Most of these issues are moot in the post-secondary education environment where
smartphones and tablets are used for more than social media and taking pictures. A recent survey
of 500 students suggests that the vast majority of students with a smart device, some 98%, have
used that device in connection with school (Violino, 2012). This data, while far from conclusive,
suggests that schools that do not being incorporating such devices into the curriculum are losing
out on an opportunity to further engage students both in and outside of the classroom.
One of the main benefits of a BYOD system is that such a system keeps infrastructure
costs low. Rather than requiring a device or computer for each student, each student supplies his
or her own, removing the cost from the school. It does, however, require the infrastructure to be
much more complicated that supporting a system of identical devices would be (Sangani, 2013).
Additionally, the school has no control over student-owned devices, no say in the applications
downloaded and used, and far less control over those devices when connected to the network
(Sangani, 2013). The school must make a decision what devices will be supported and what level
of support will be provided. Proactive, strong security measures and guidelines are required for
any system to both work well and provide enough security to be worthwhile (Violino, 2012).

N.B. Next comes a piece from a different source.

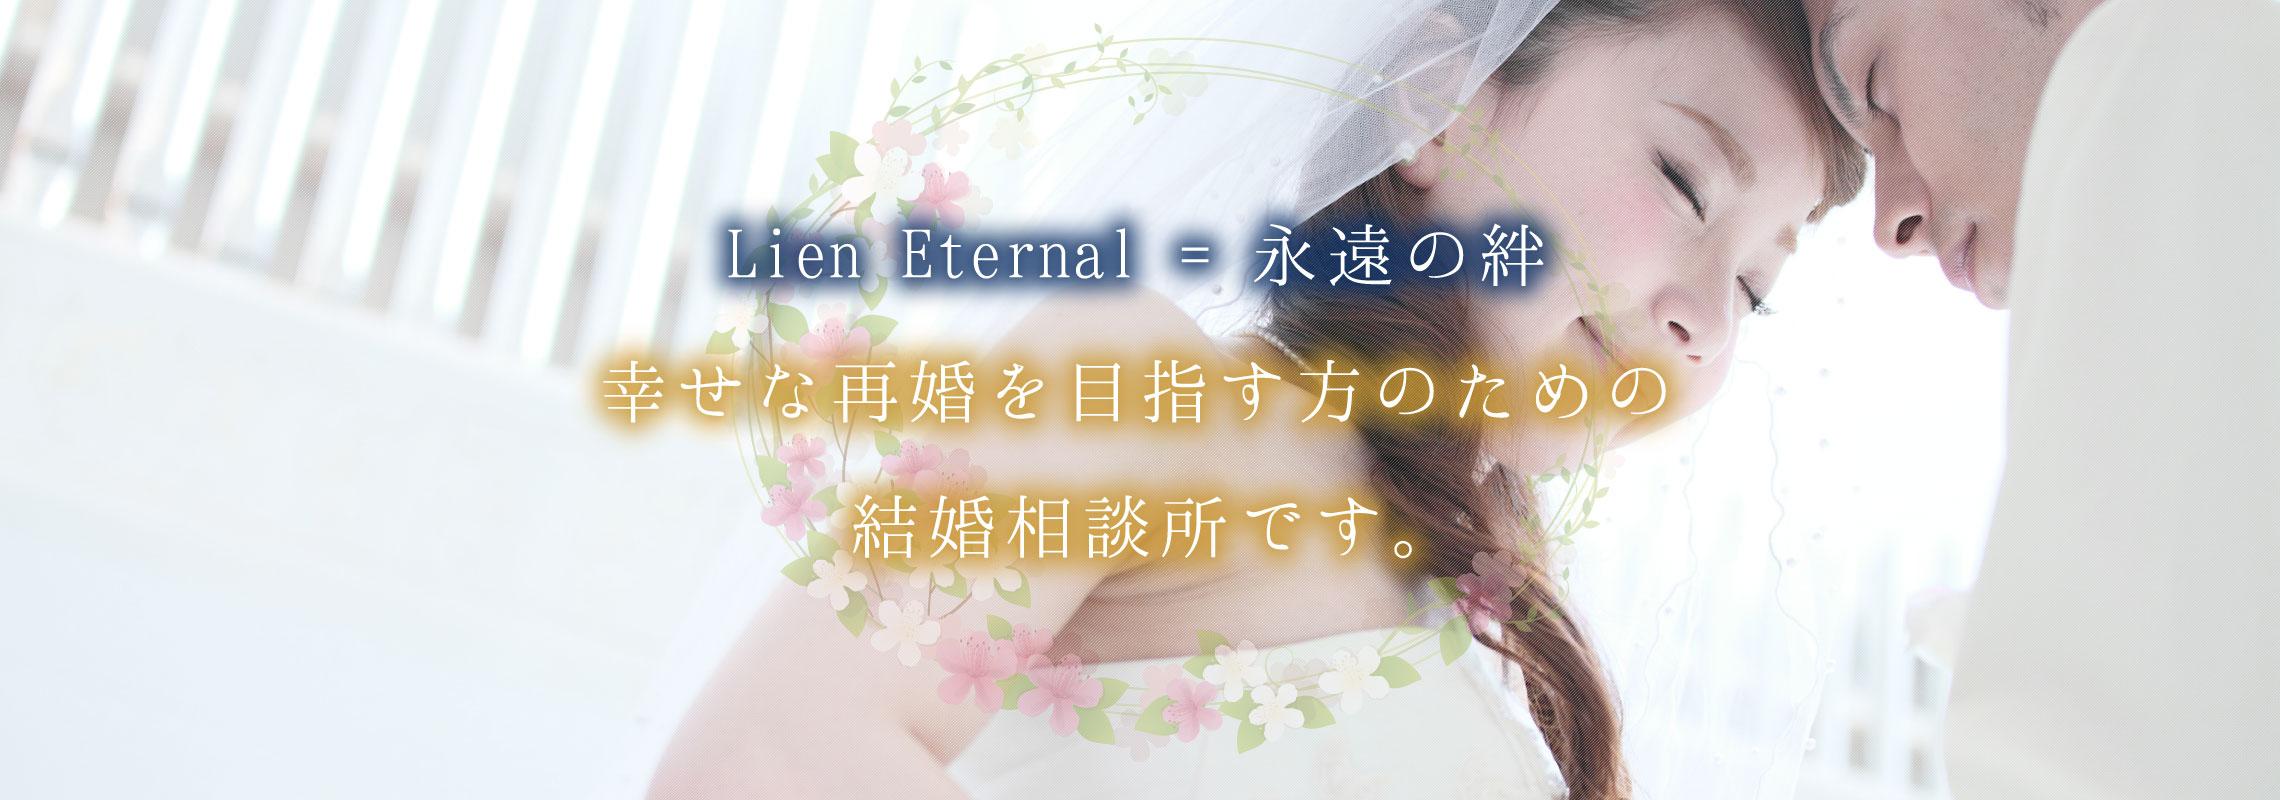 門真のおすすめ結婚相談所ランキング;Lien eternel

One of the main benefits of such a system is more immediate student engagement, since
students do not need to learn a new system. In a sense, they don’t have to learn how to work the
system to get the necessary assignments and information; they are already familiar with the
operating system. Further, this allows for much more diverse learning possibilities. In addition to
the traditional classroom and the now-familiar online classroom, mobile technology in a BYOD
system allows students to participate in m-learning (learning using a mobile device) and u-
6. TEACHING STUDENTS TO FISH WITH BETTER POLES 6
learning (learning through various ubiquitous computer technologies accessible via any device
capable of internet connection). By giving students this additional freedom, students are
permitted to engage in “smart learning”; learning that is self-directed, informal, and centered on
the students themselves (Lee & Son, 2013).

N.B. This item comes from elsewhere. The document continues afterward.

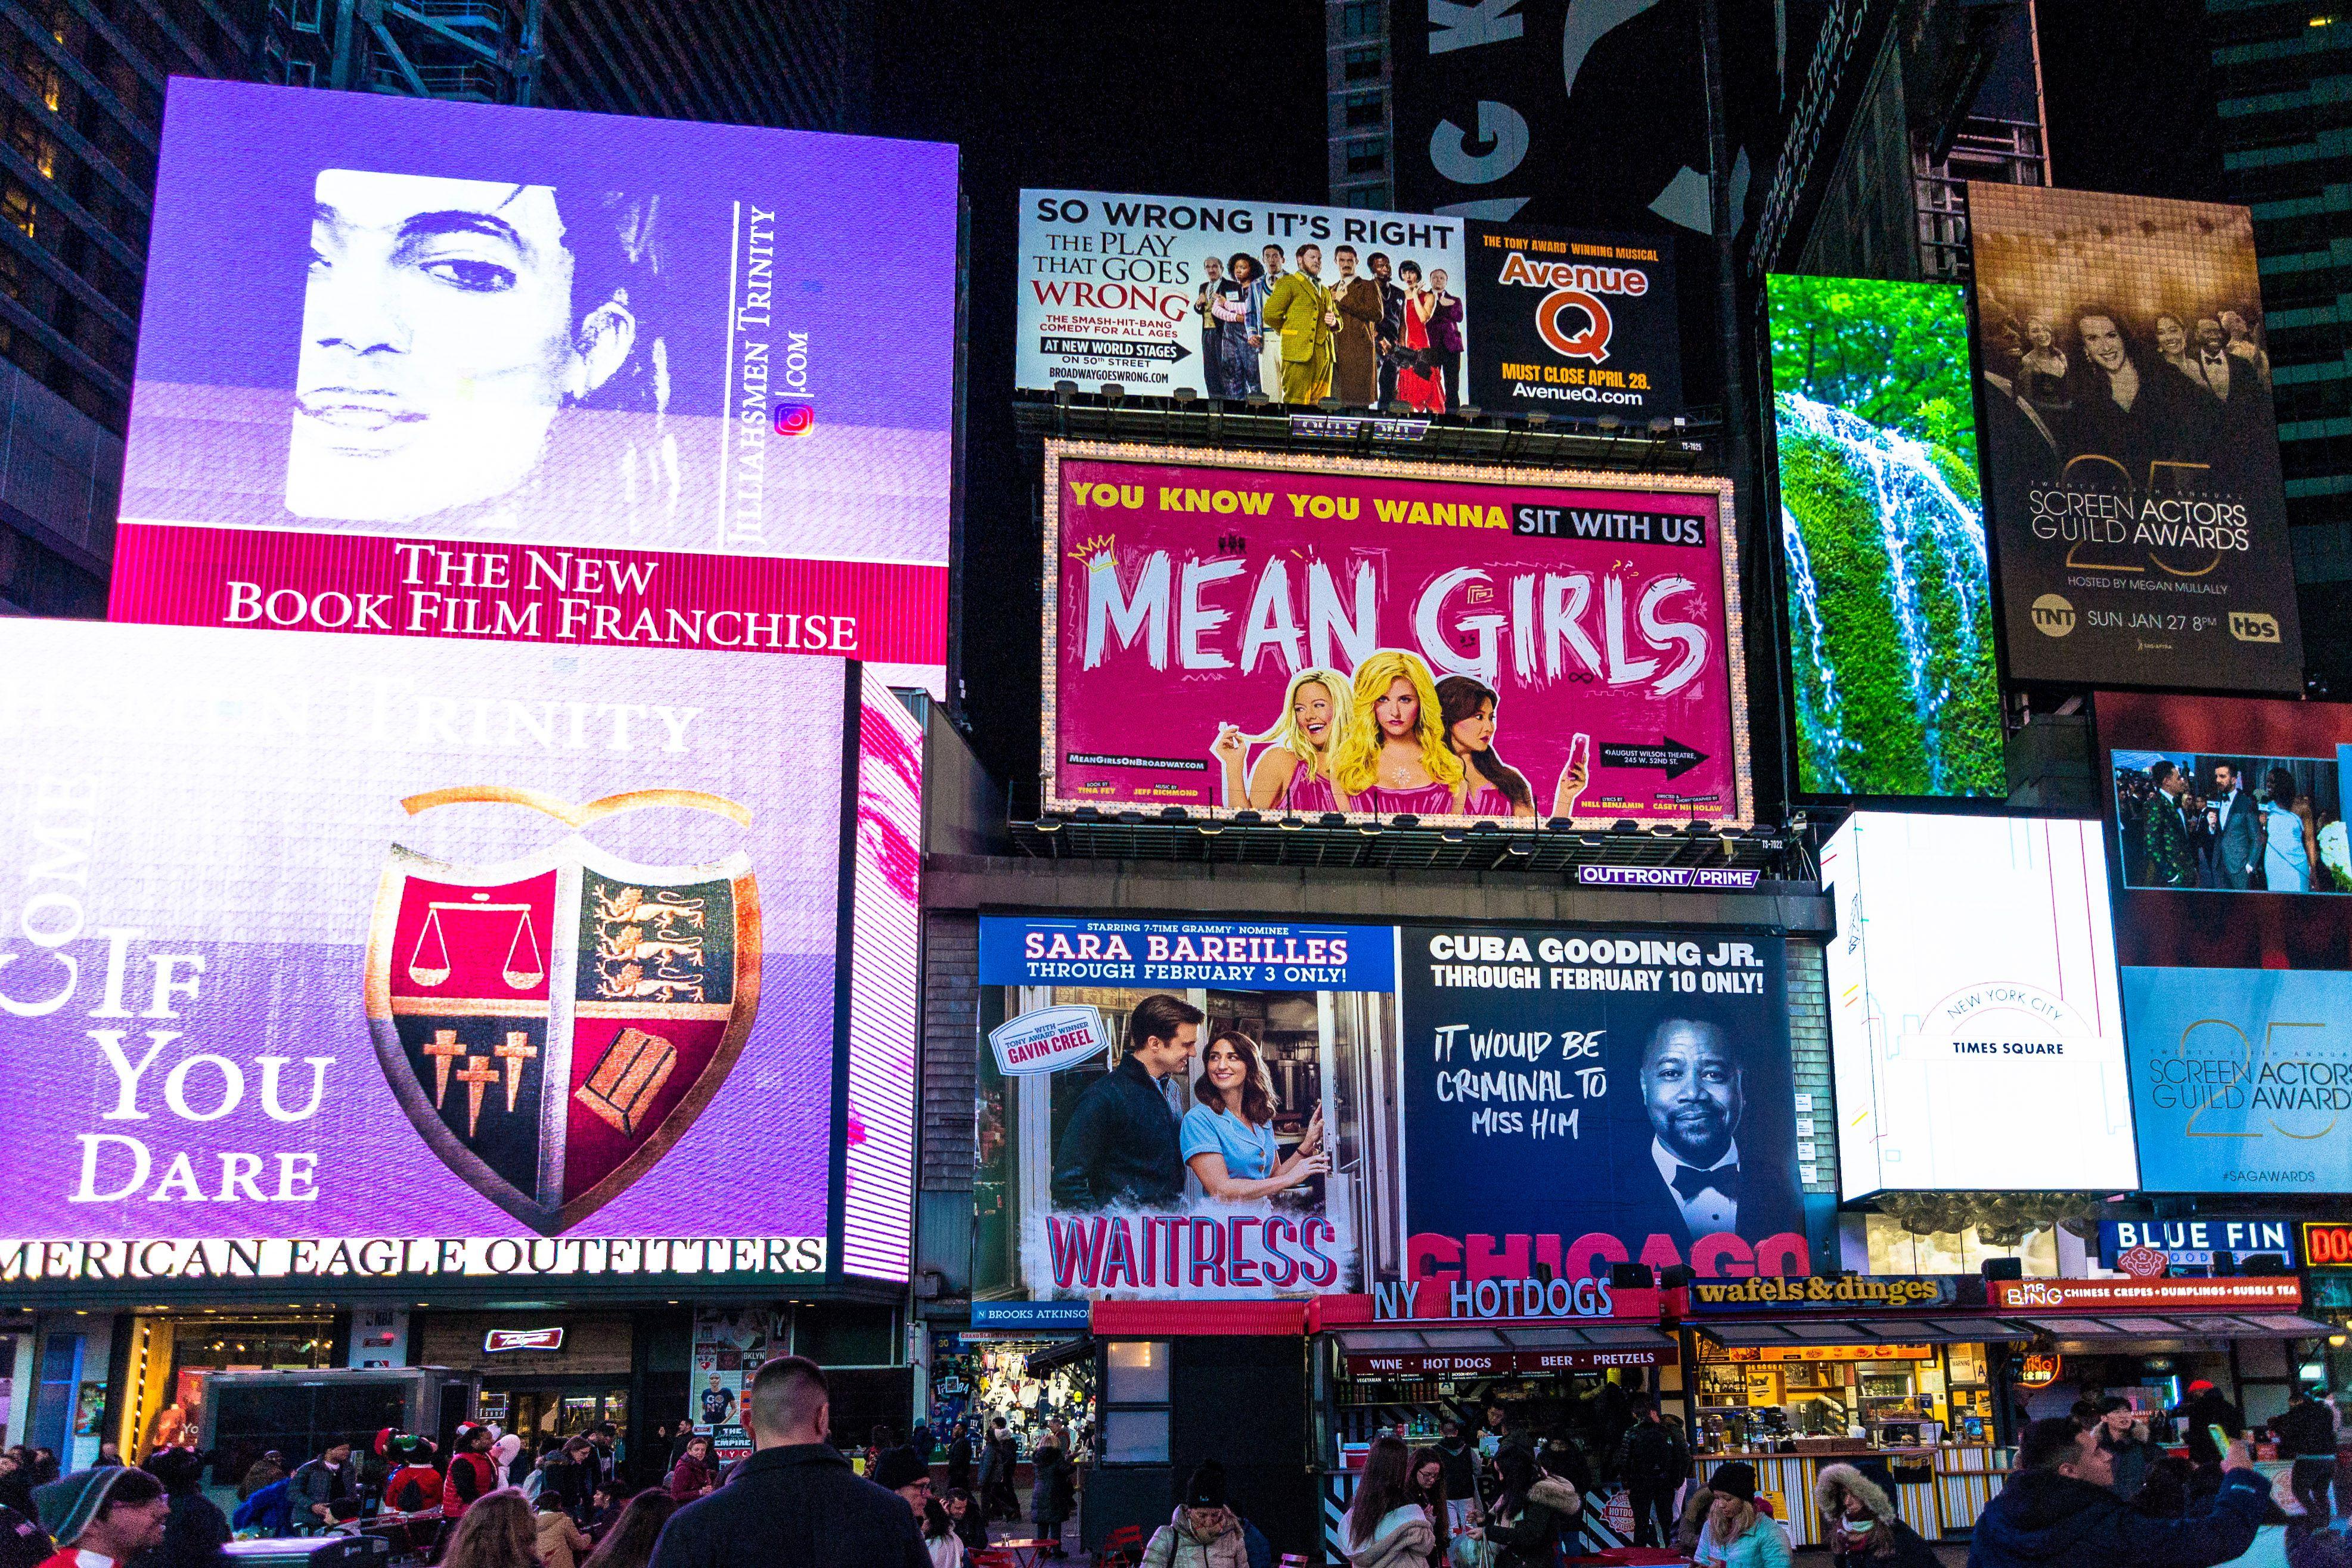 Vallas publicitarias de diferentes obras de Broadway en Times Square

This student-centered, student-focused learning requires significant adjustments both in
and outside of the classroom. “The potential for TEL [technology enhanced learning] is huge, but
if all it entails is putting lectures on podcasts, making a PowerPoint to a flash e-learning module,
and putting paper text on the web, then we have not really used the technology to fulfil its
potential” (Dror, 2011, pg. 6). Itiel Dror (2011) suggests that in addition to using the technology
to its best effect, we should also concentrate on making that technology “brain friendly.” He
offers the example of computer passwords as a non-brain friendly situation. The ideal password
should be unique, meaning that each time a password is needed the user should create a new one.

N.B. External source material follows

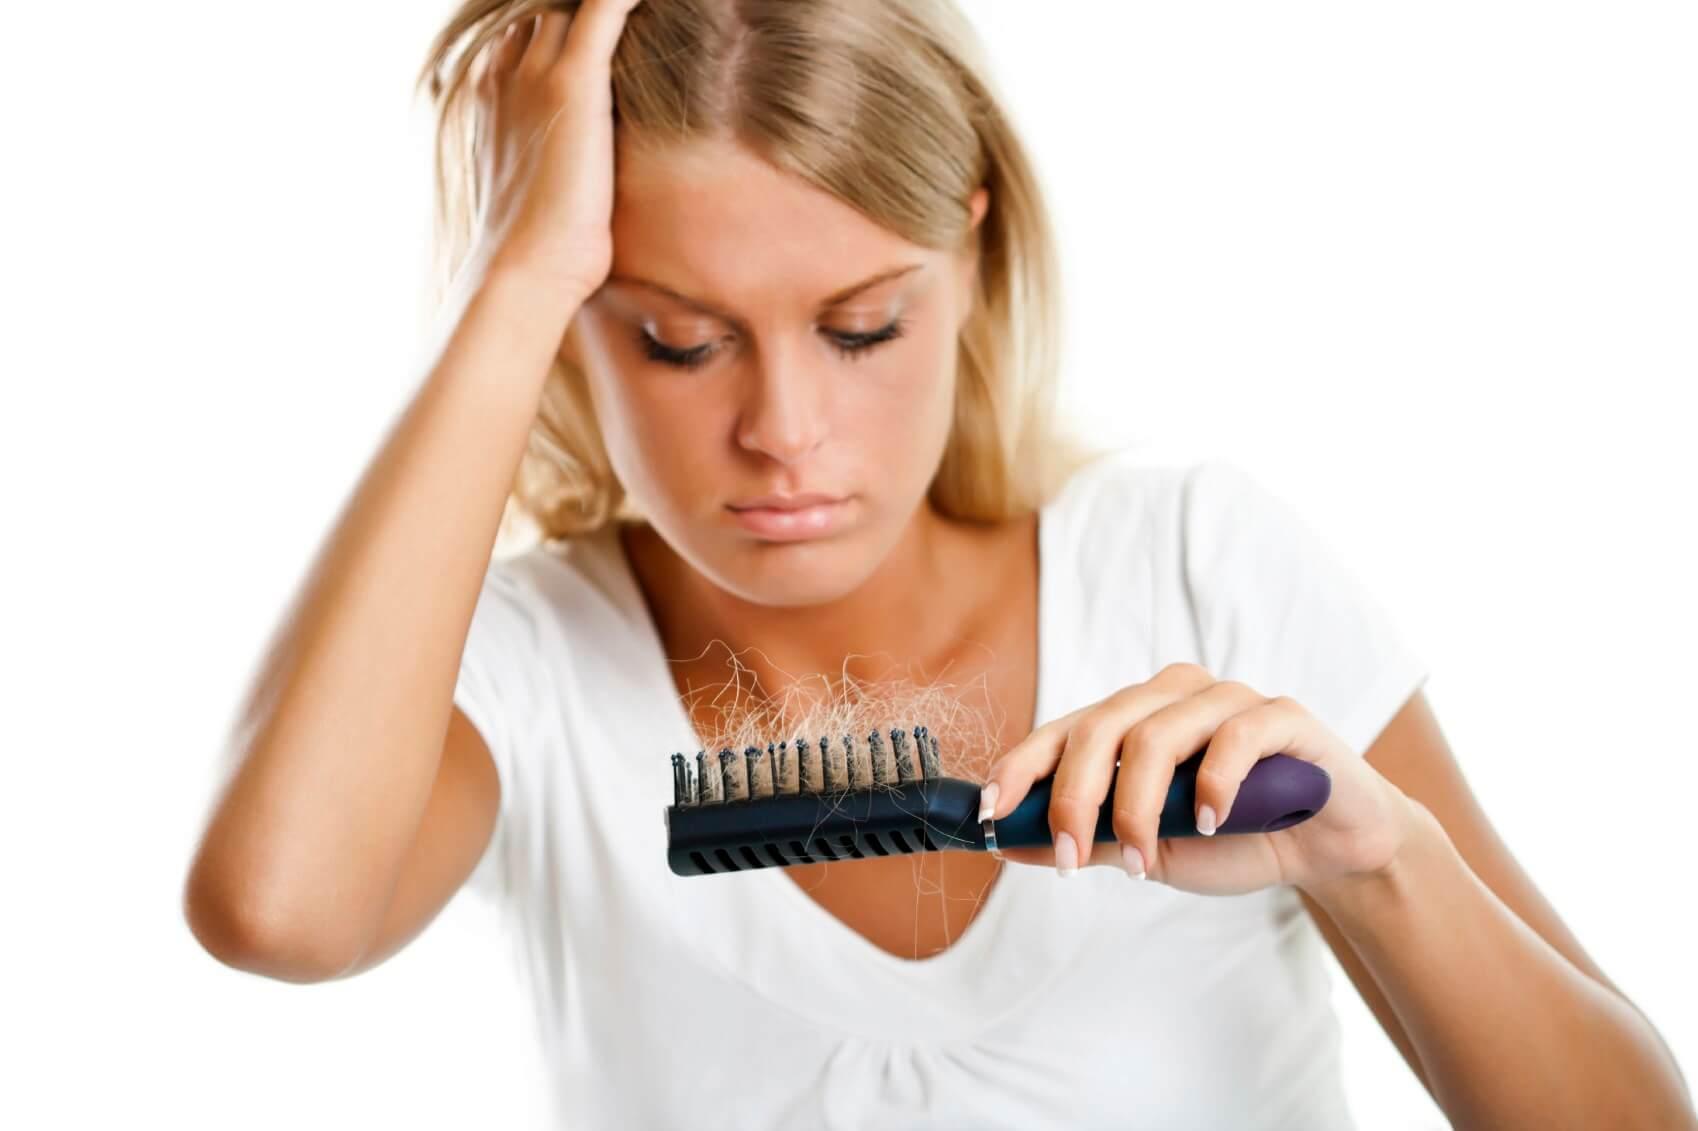 Активное выпадение волос происходит в результате дисбаланса гормонов

This prevents someone discovering one password from infiltrating other accounts of that user.
Passwords should also be of a minimum length (often 8 characters), contain symbols, numbers
and both upper and lower case letters. Additionally, they should be changed every six months
and should never be written down. Such a system, recognizing all of the passwords that a typical
person needs—work networks, banking, personal accounts, online shopping, Facebook and other
social media—quickly becomes untenable.